An important new tool in tracing your Irish family history has been released in Ireland.
The National Library has released a searchable online database for the April 1911 family census for the entire 32 counties.
Genealogists can search by name, surname, age, sex and place.
Even better, the entire database is free.
This is the first time such information - which includes the images of the original census forms - has been put online.
The forms offer a view into an Ireland from long ago.
A world divided into type of resident (boarder, visitor or family) religion, literacy, profession, marital status, Irish language ability and children.
Using the 1911 census search, my partner Sean McPhail found his grandfather Thomas, 19, staying in a house owned by "head of family" and "police pensioner" Thomas Naughton and his wife Honorah in Bundoran in County Donegal.
Thomas McPhail is listed as a carpenter from Fermanagh, where, on the same night, Thomas's widowed mother Bridget is listed as being in residence at the Eniskillen hotel the McPhails owned with her 15-year-old Thomas, who is listed as a "scholar."
I clearly need to do more research because my mother's family names (Lynch and Clarke) will need more investigation while I can find 77 Arrigans from my father's side (his mother) in their home county of Waterford.
The project has so far taken three years to get online and the results are astonishing.
The census search is markedly different from the CSO tables which cover 1926 to 1991 and were released earlier this year.
They show the data tables from the Central Statistics Office rather than the actual forms or identifying information.
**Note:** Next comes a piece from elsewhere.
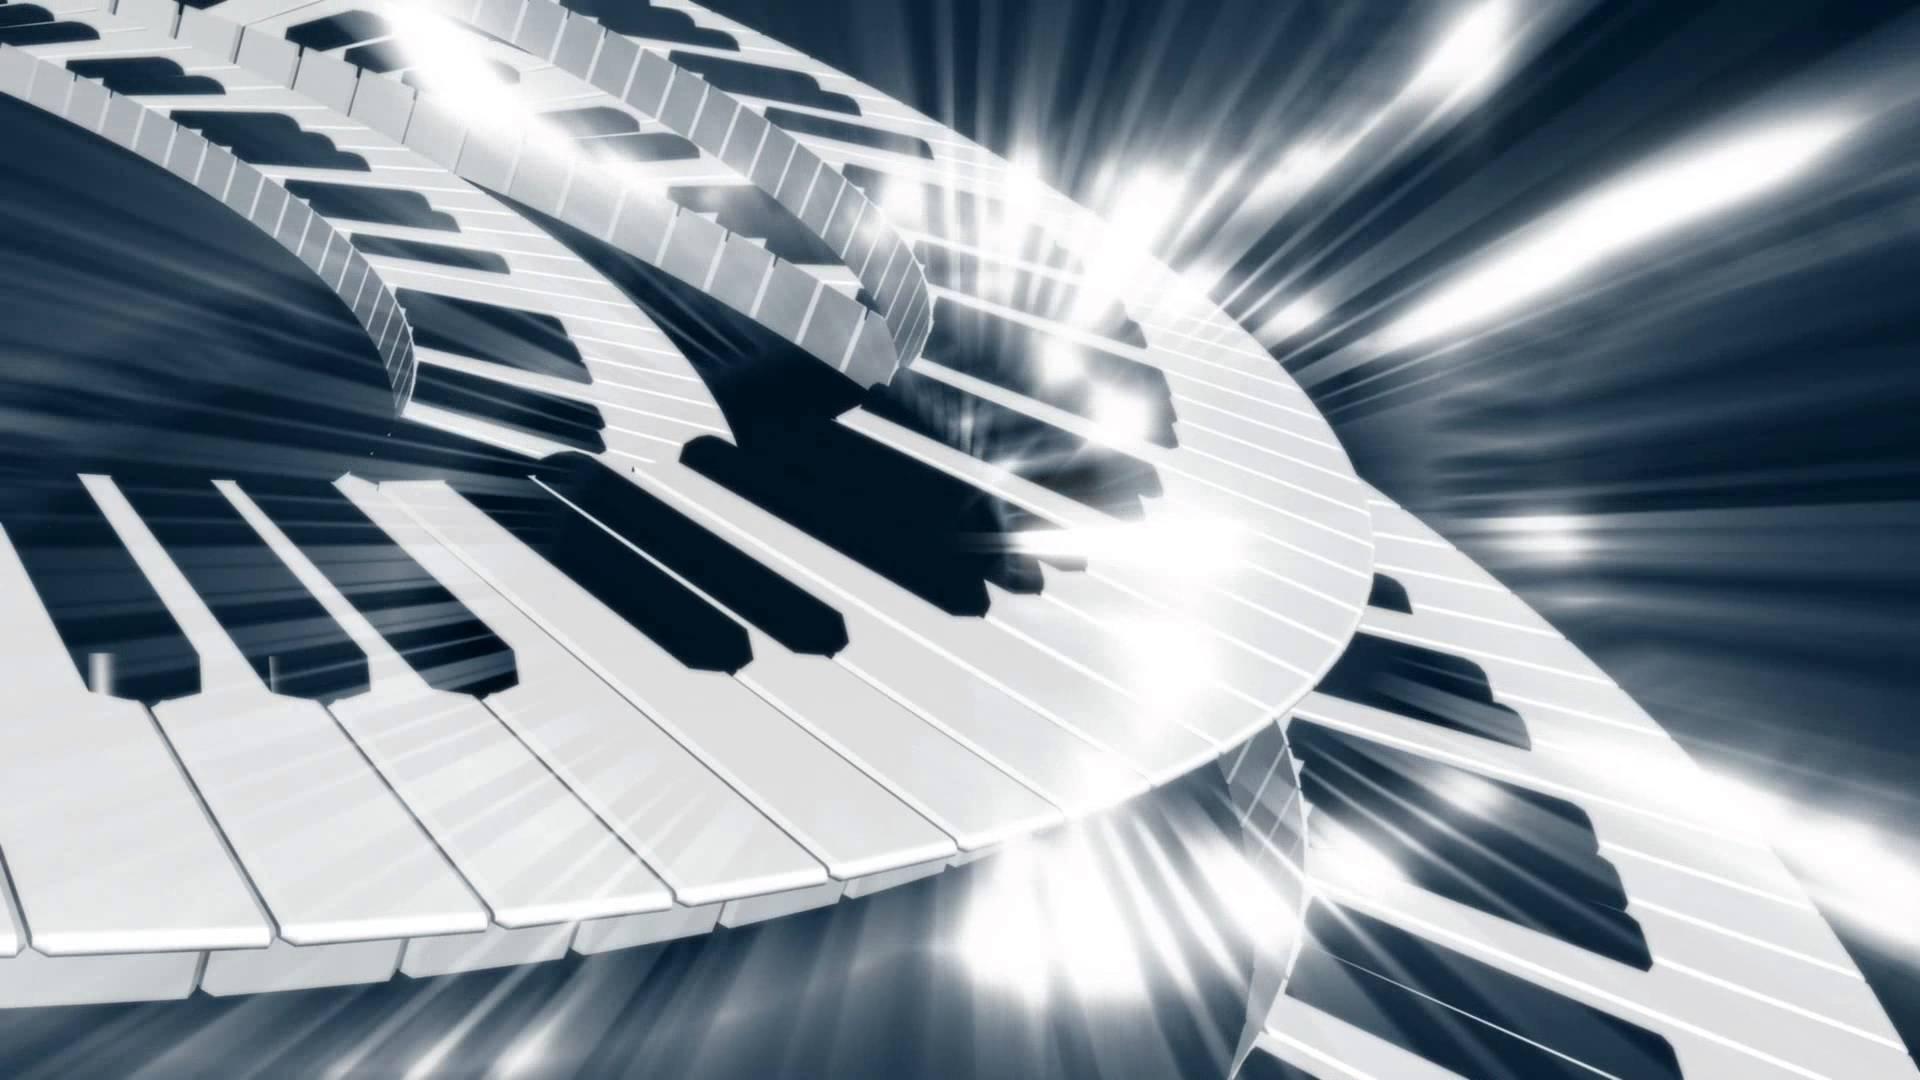 Praise And Worship Wallpaper Hd Music Keyboard Png Hd Transparent Music Keyboard Hd Png
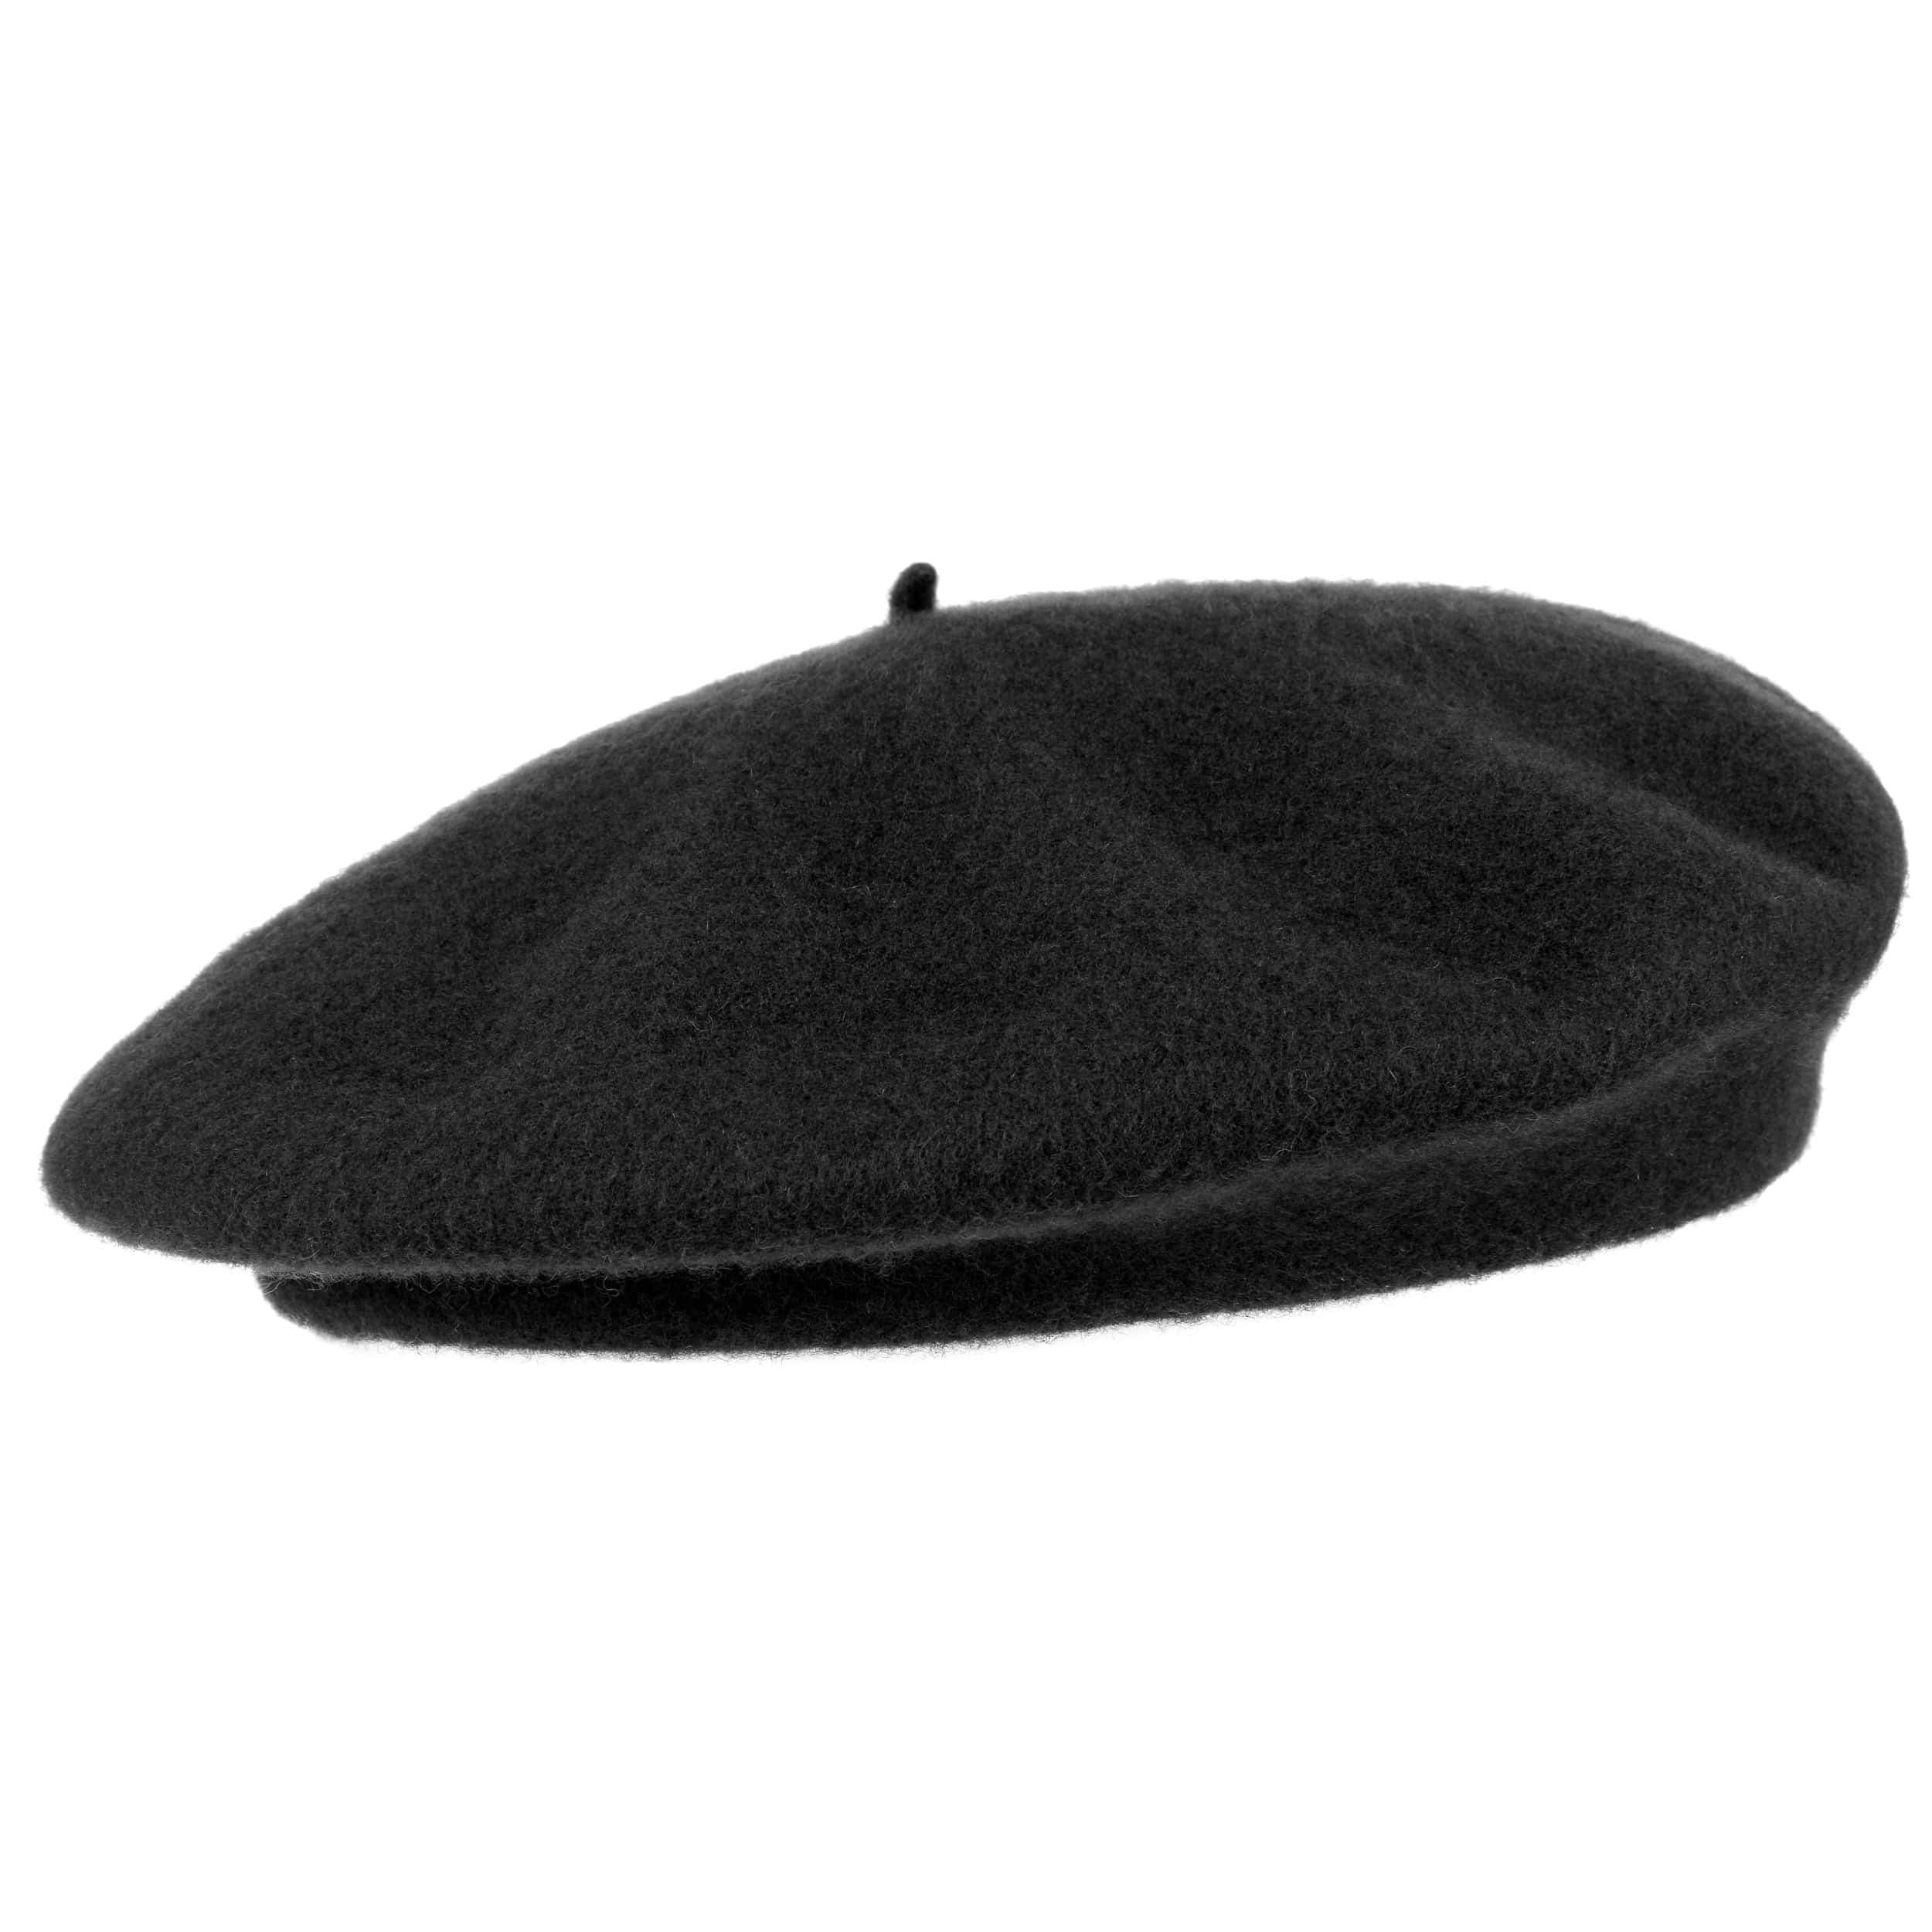 Béret Luka pour Enfant, EUR 19,95 --  Chapeaux, casquettes et ... 61579c1f369

The head of the 1911 census search project, Caitríona Crowe, said the CSO census forms are still considered too modern for public release and the records themselves remain confidential for 100 years.
The 1911 census - which is available two years short of the 100 - was the last census completed until 1926.
Crowe said they hope to get the 1901 census online by spring 2010; they released the 1911 census first because it as better quality than the 1901.
Crowe said she also hoped to include Google maps to compare street maps between 1911 and now.